**Source material**
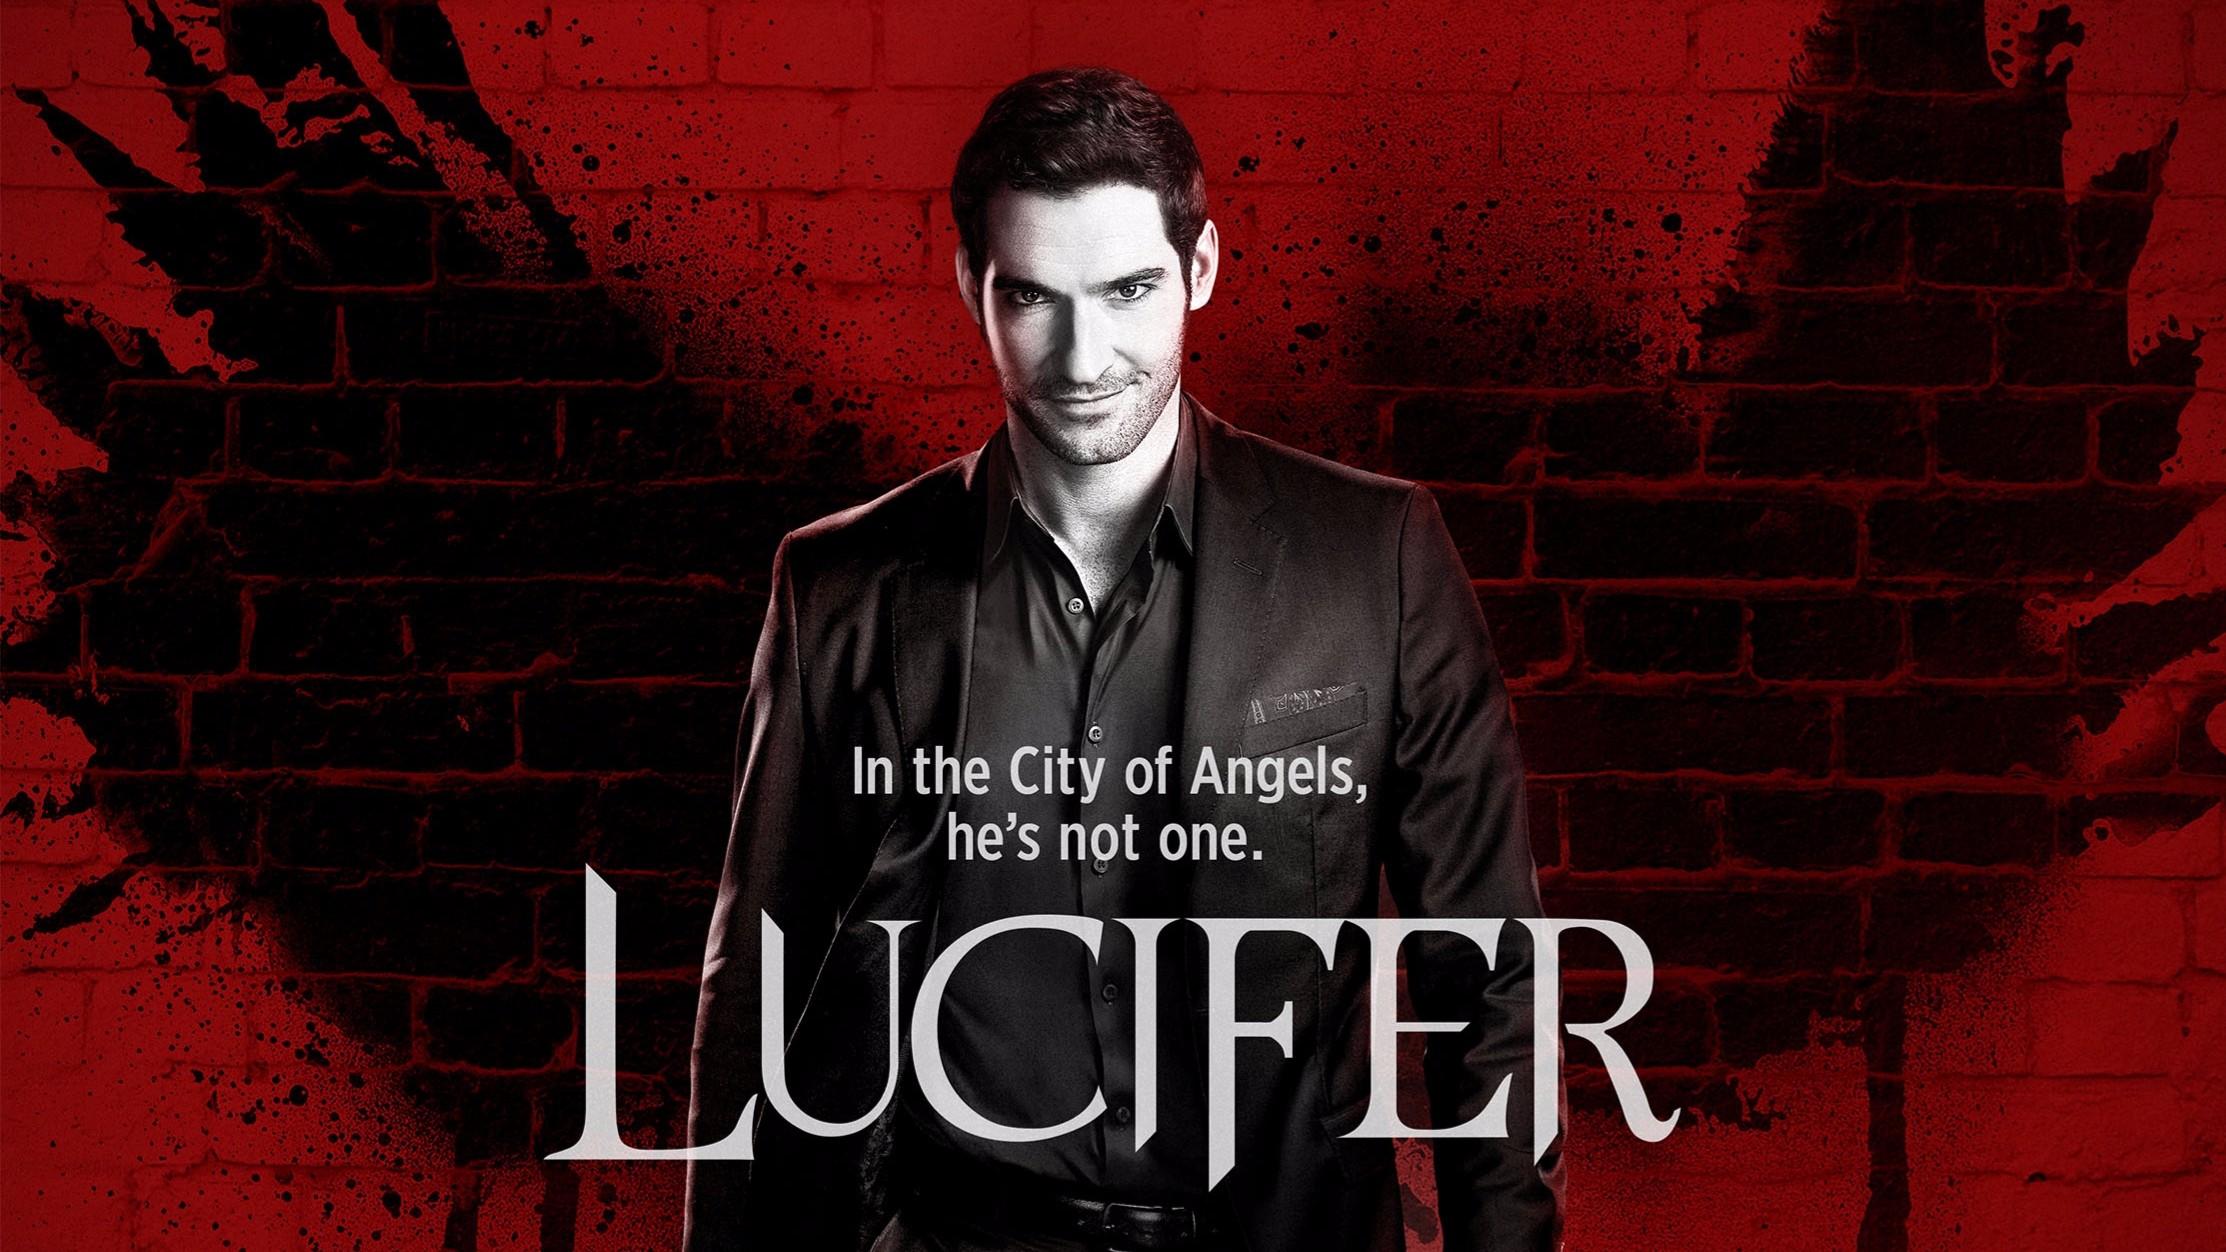 S2 promo Lucifer city of angels.jpg
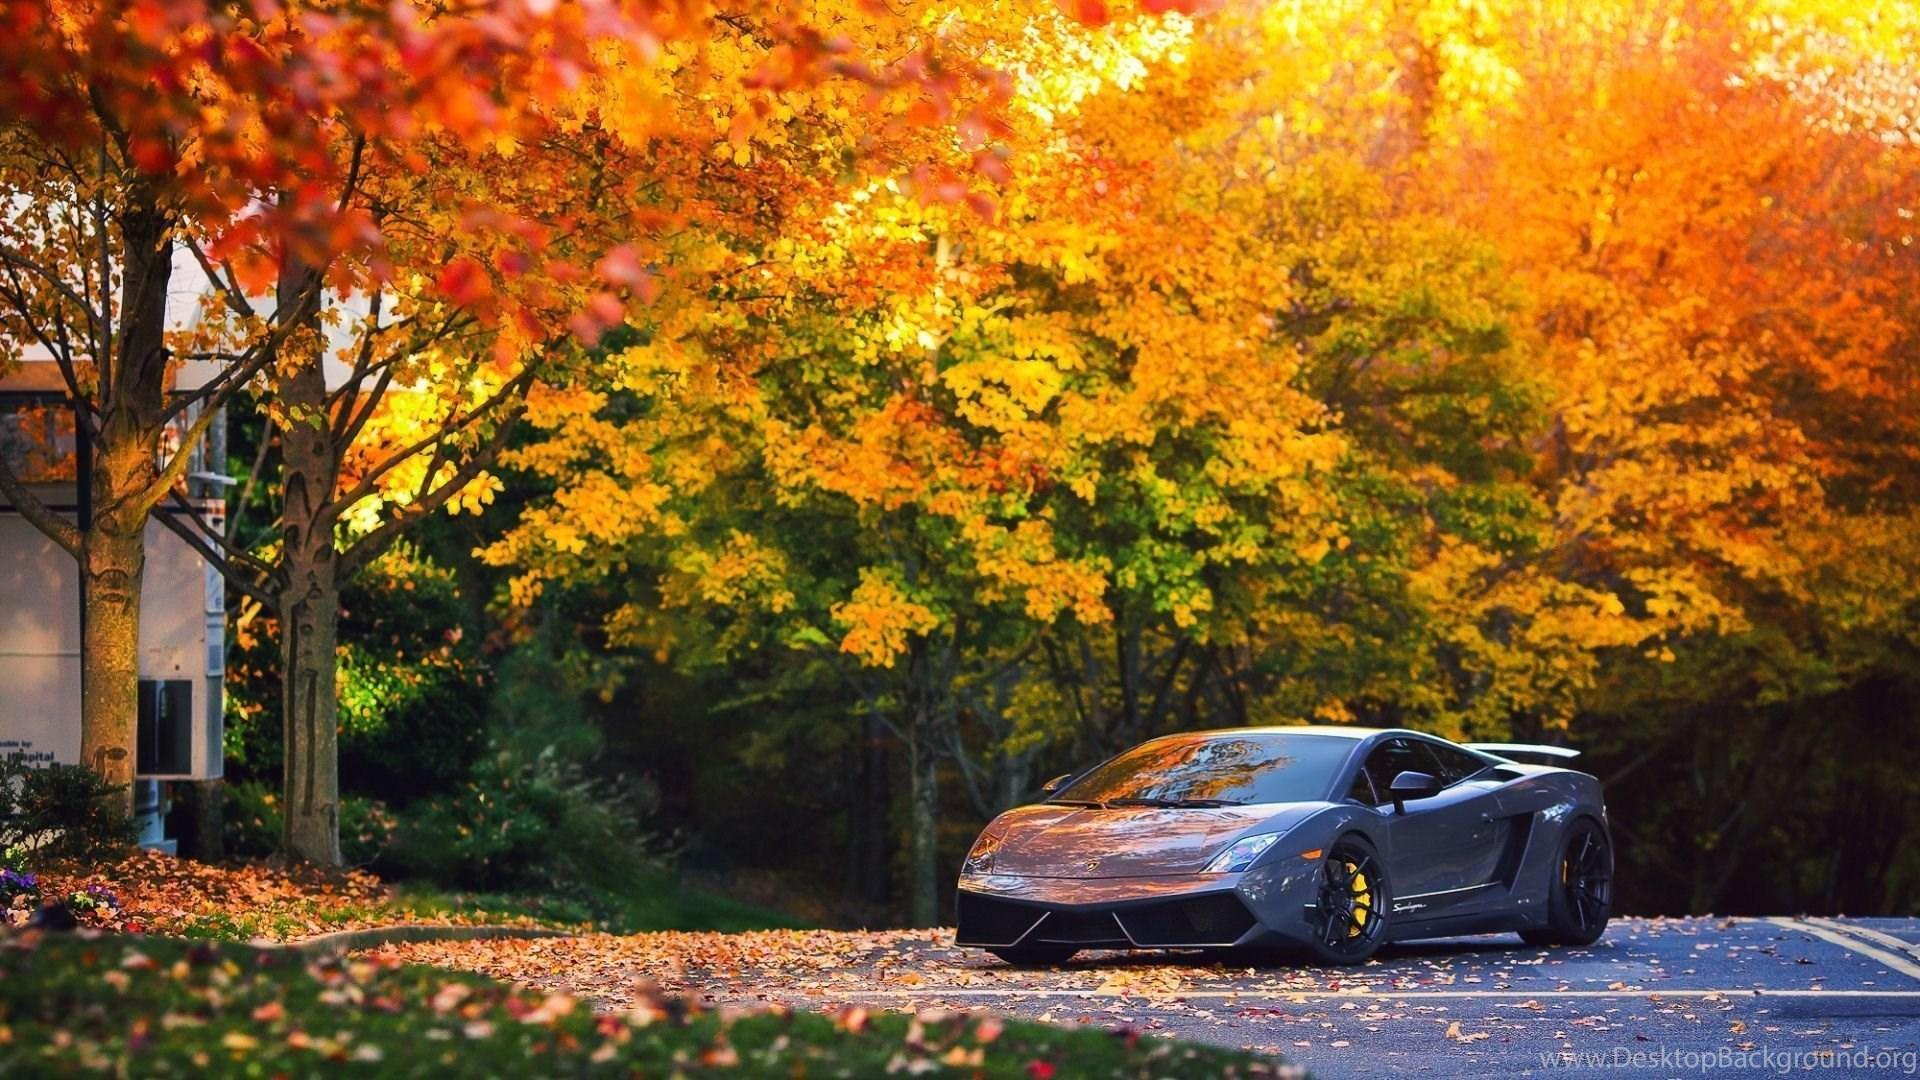 Full Hd 1080p Lamborghini Wallpapers Hd Desktop Backgrounds
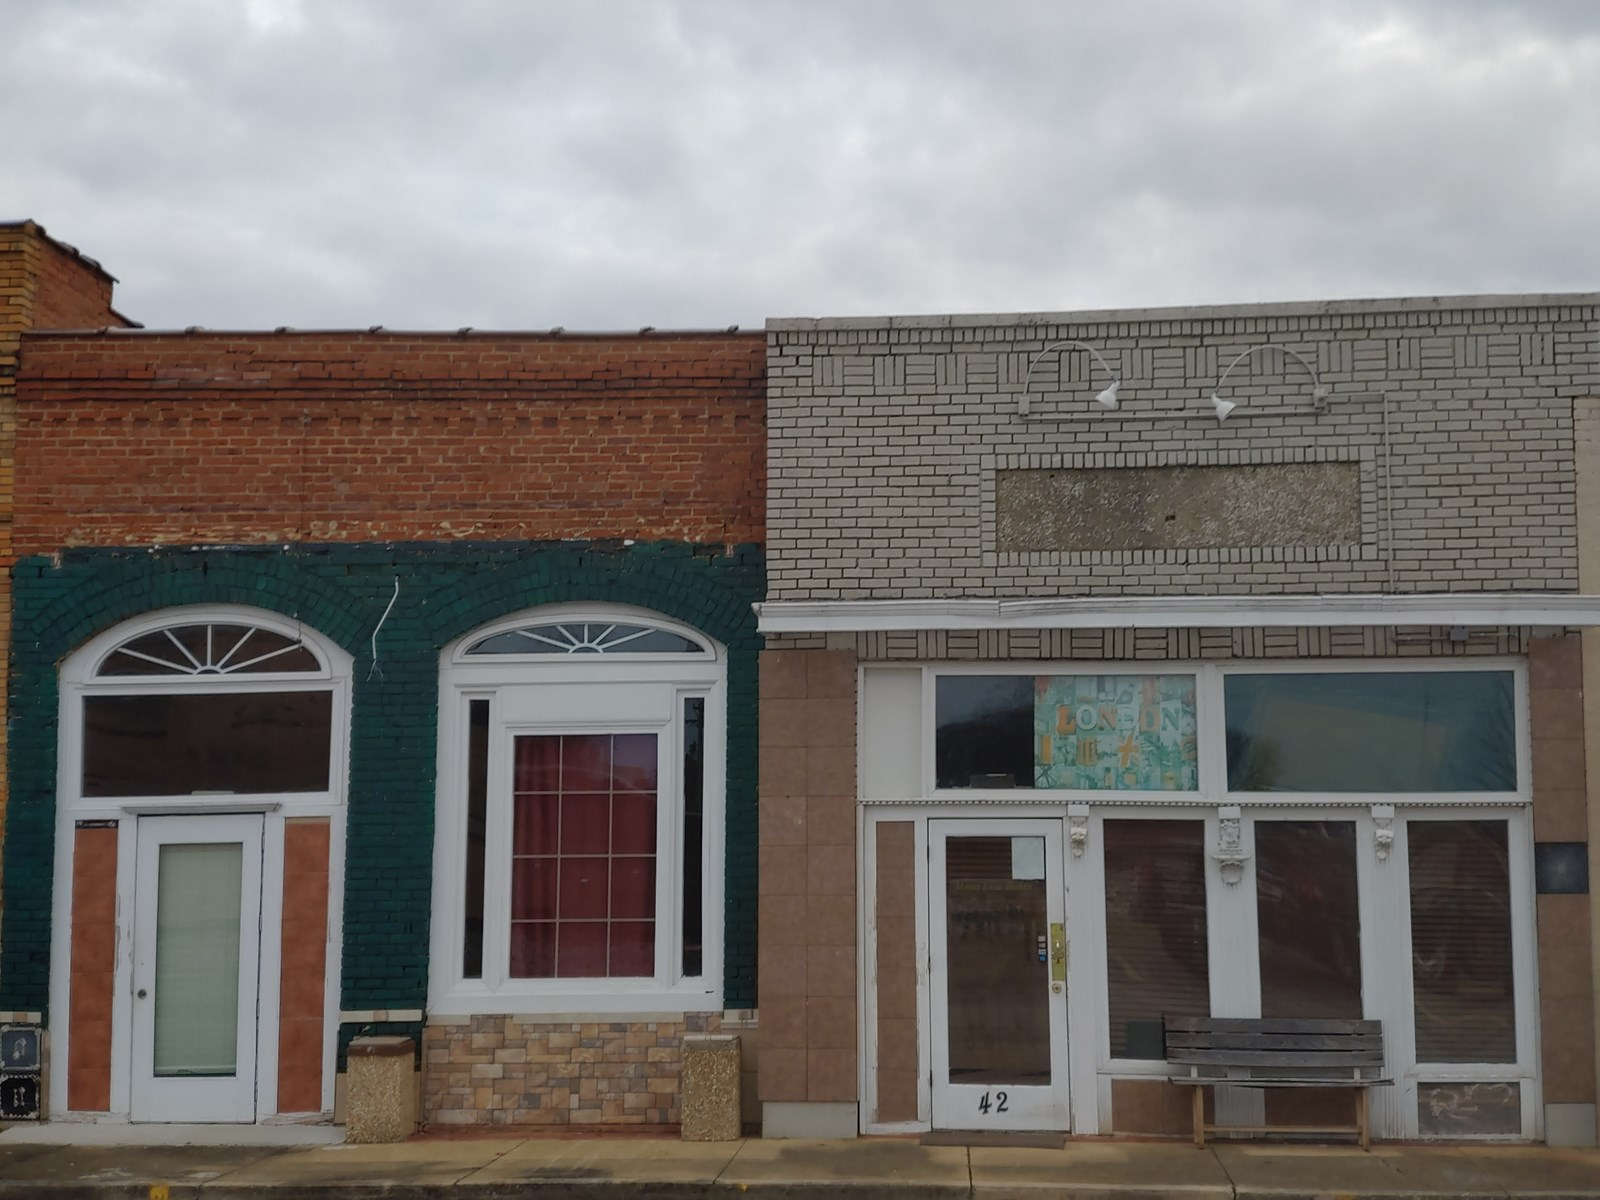 Commercial Property For Sale Falkville AL
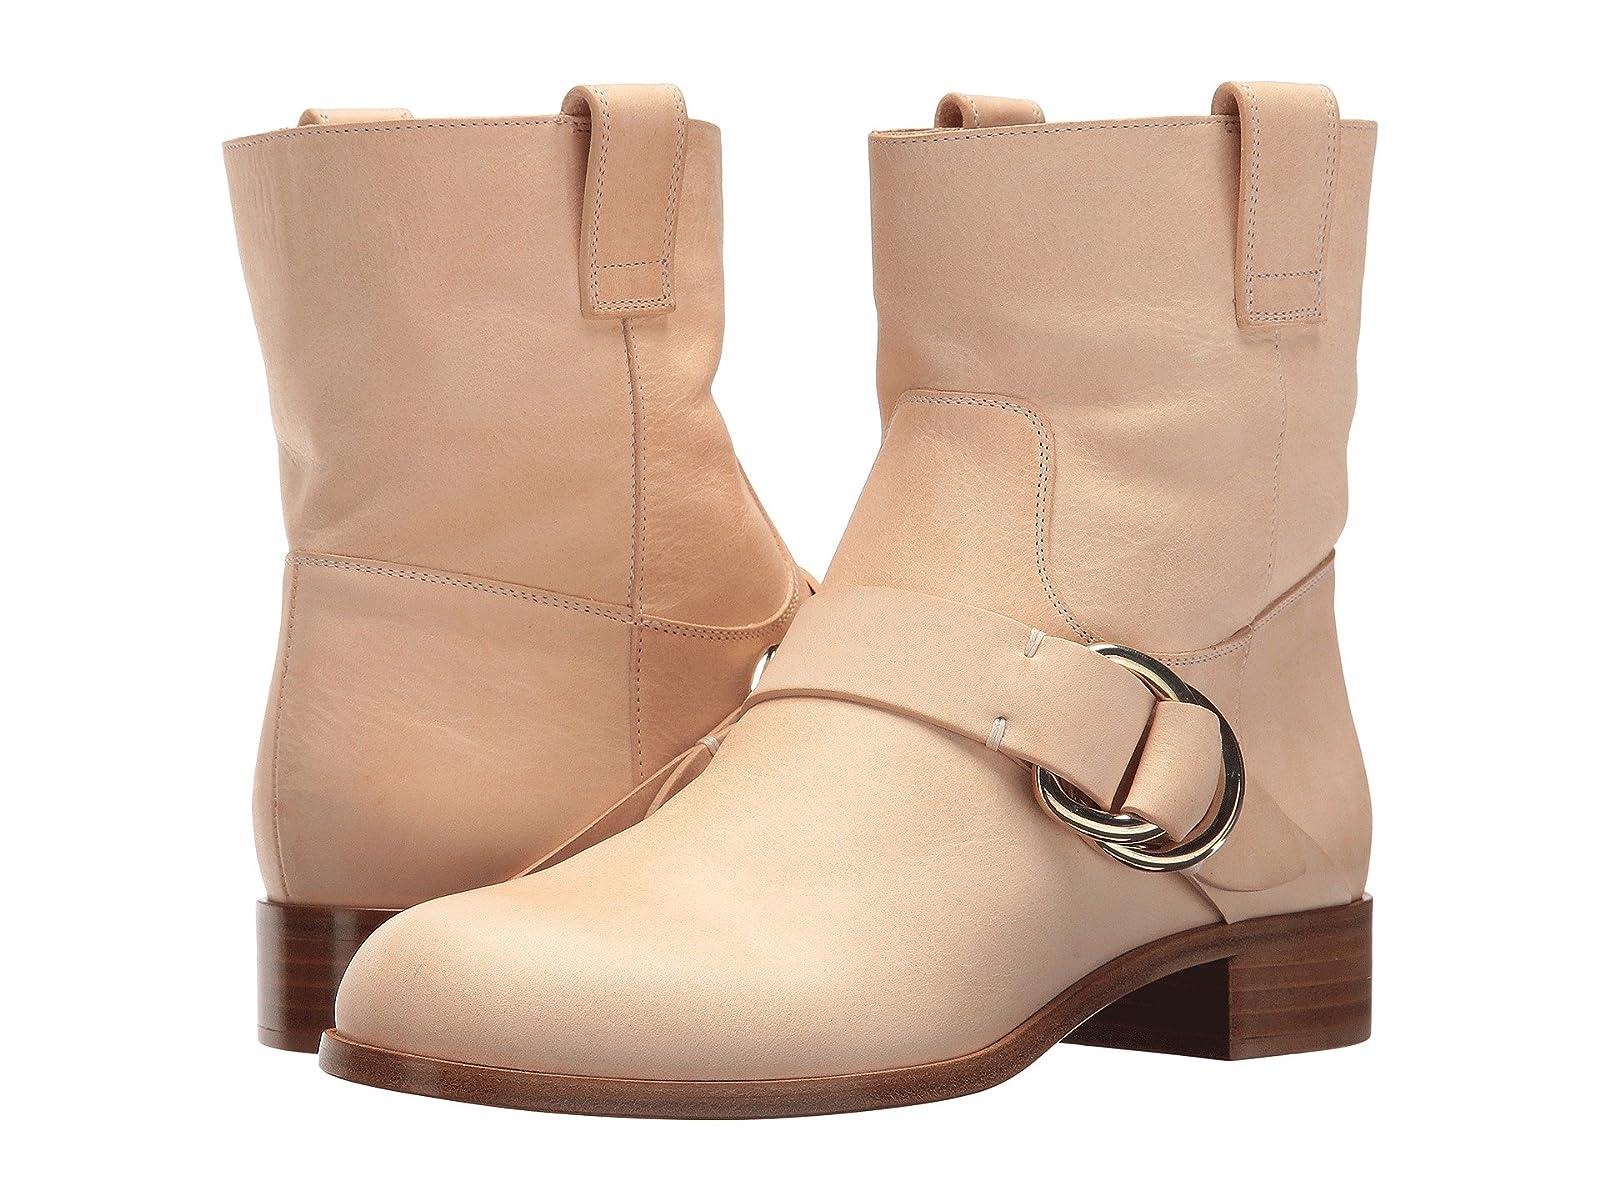 Frye Ricki Ring StrapCheap and distinctive eye-catching shoes
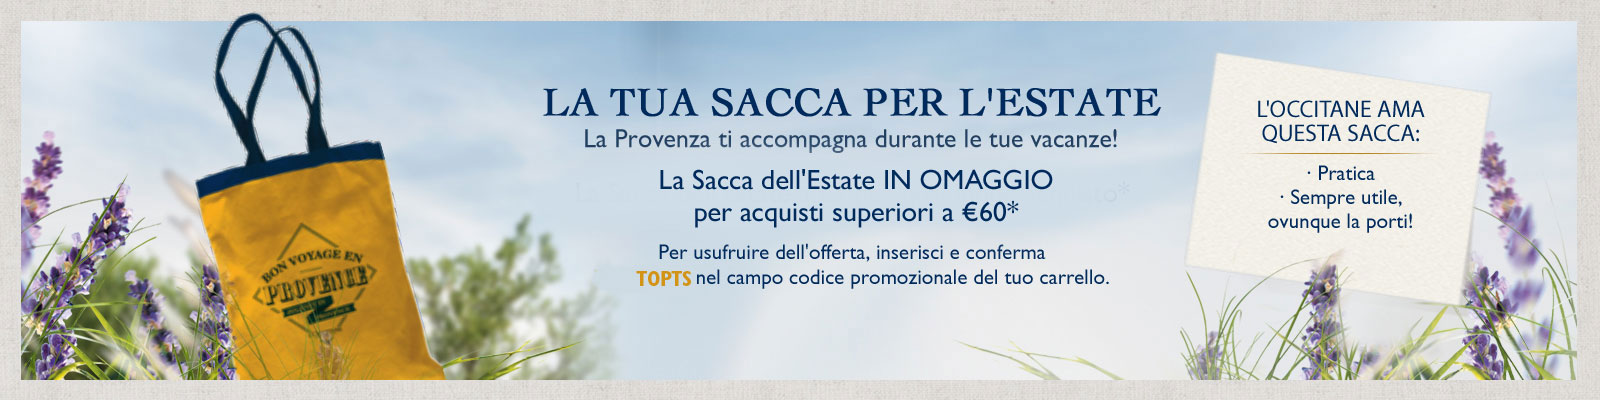 Offerta Sacca - L'Occitane Italia

**Goal of the exercise**
When you copy the entries above, keep every word exactly and omit the images.

**Your solution**
 S2 promo Lucifer city of angels.jpg
 Full Hd 1080p Lamborghini Wallpapers Hd Desktop Backgrounds
 Commercial Property For Sale Falkville AL
 Frye Ricki Ring StrapCheap and distinctive eye-catching shoes
 Offerta Sacca - L'Occitane Italia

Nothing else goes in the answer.